'''
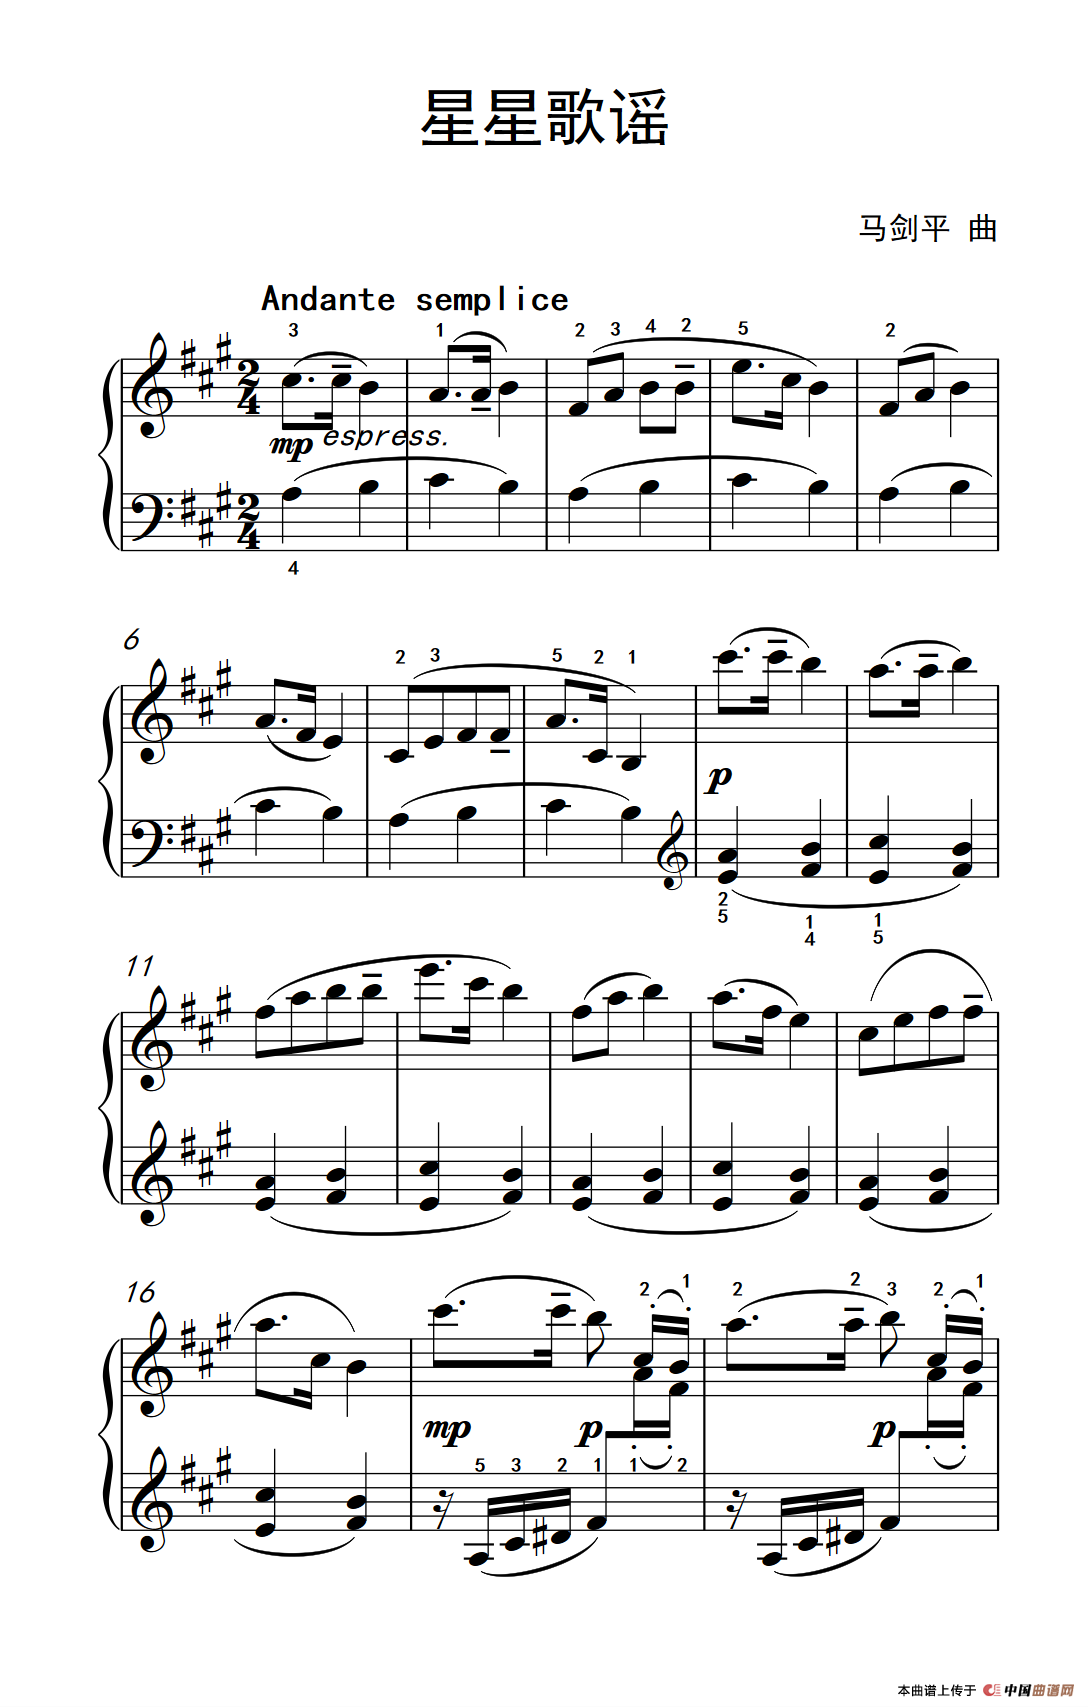 《星星歌谣》钢琴曲谱图分享
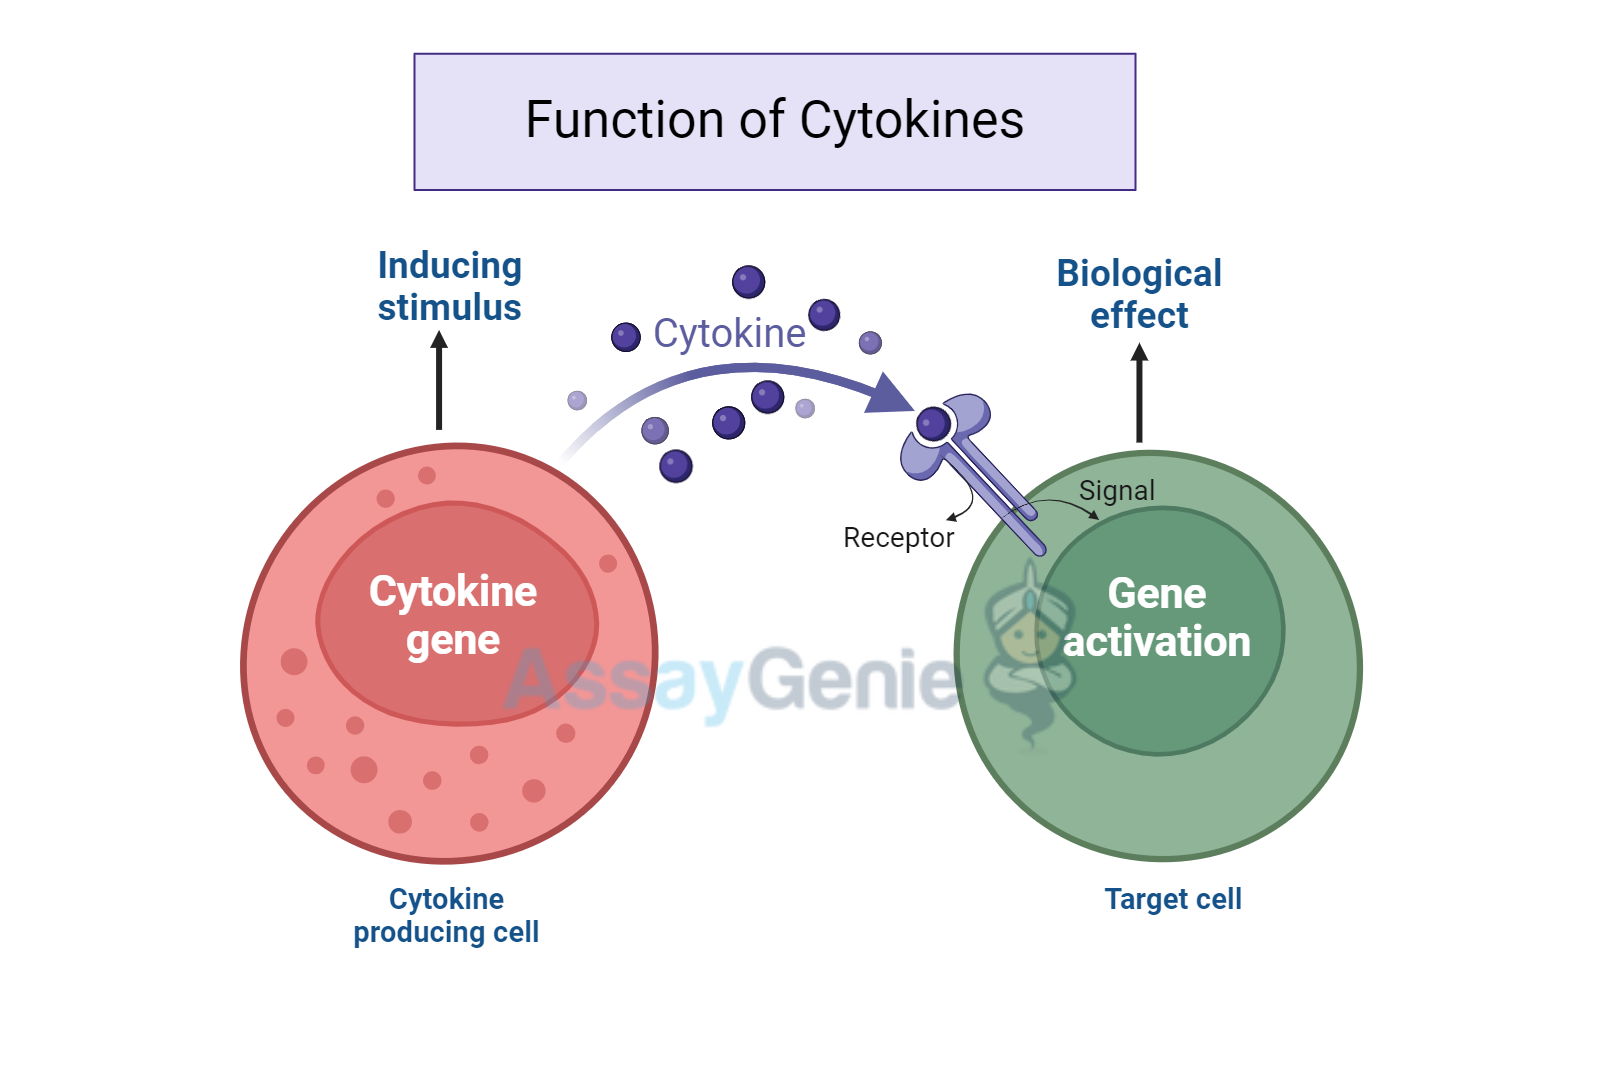 Functions of cytokines 
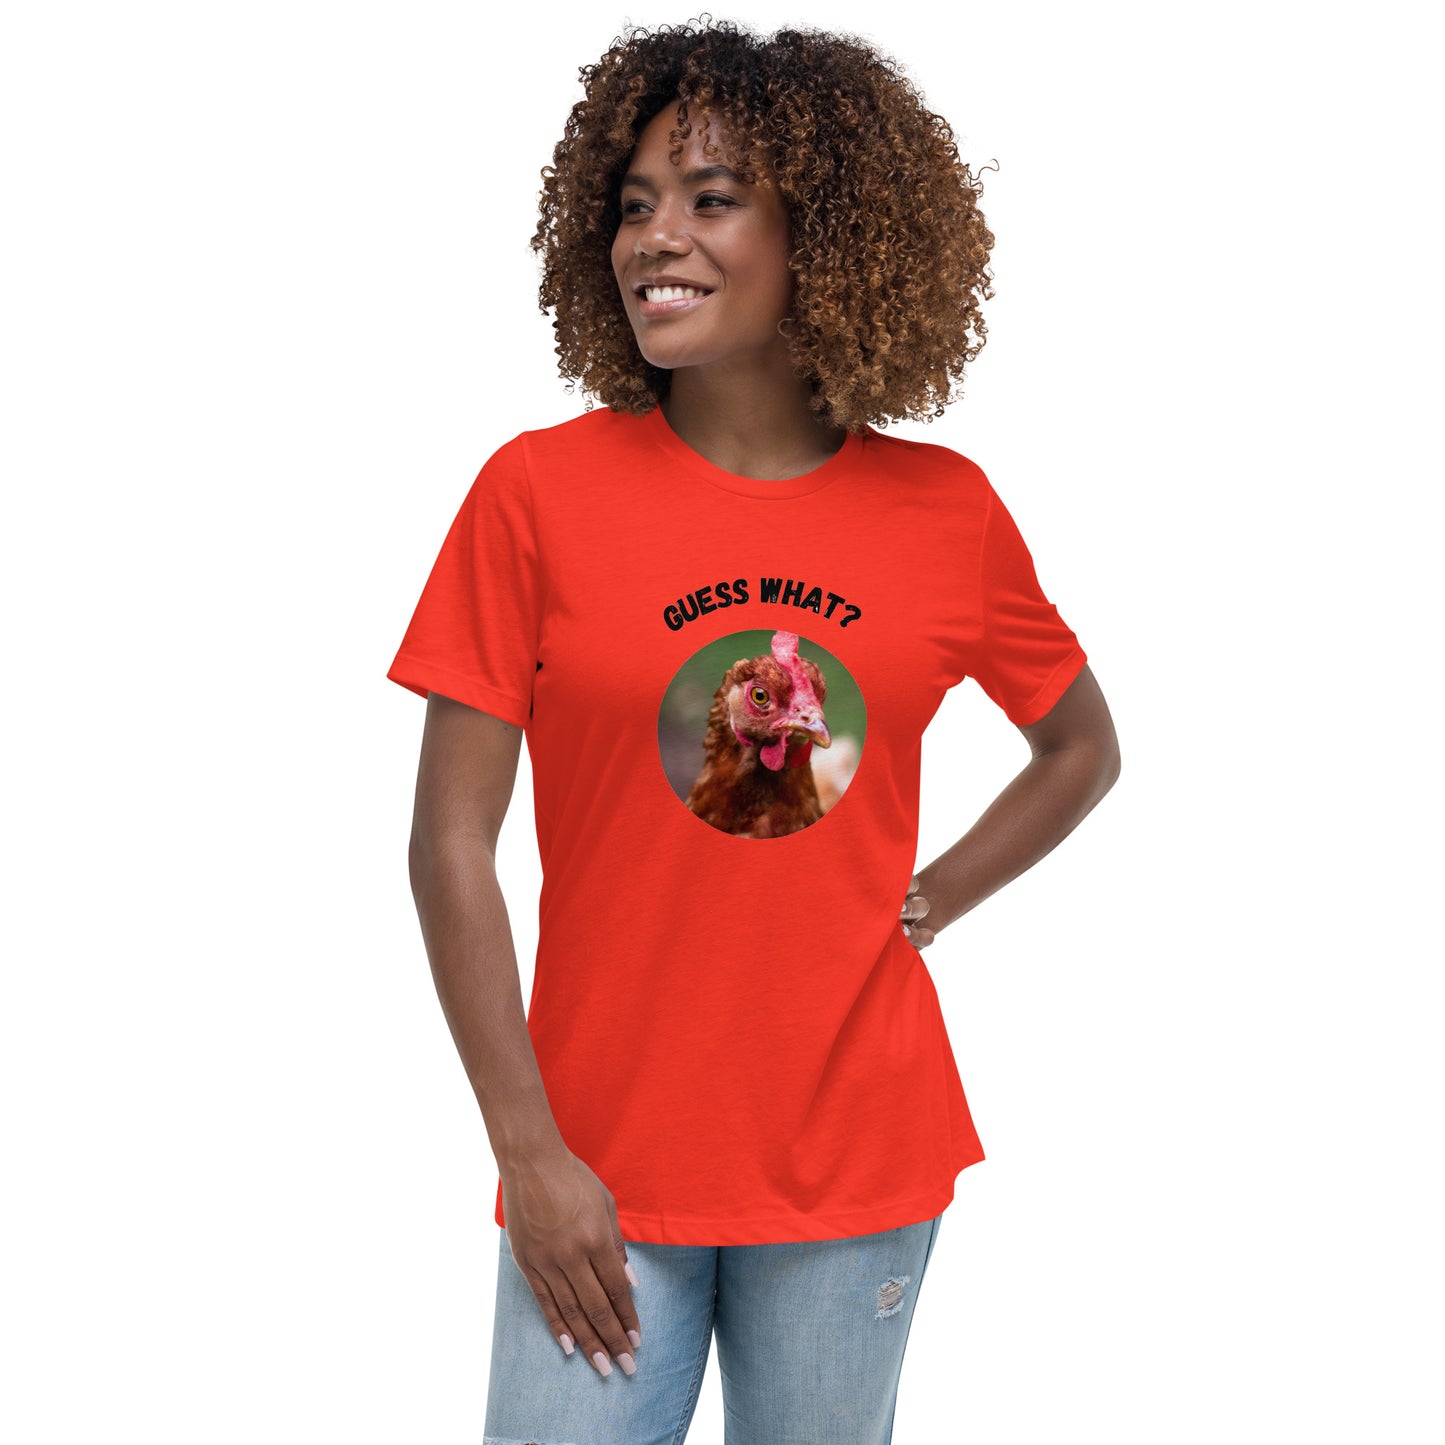 Guess What Chicken Butt - Women's Relaxed T-Shirt
'''
REQUIRED WORK => Repeat the listing word for word, but without its pictures.

SOLVED PROBLEM =>
 《星星歌谣》钢琴曲谱图分享
 Functions of cytokines 
 Guess What Chicken Butt - Women's Relaxed T-Shirt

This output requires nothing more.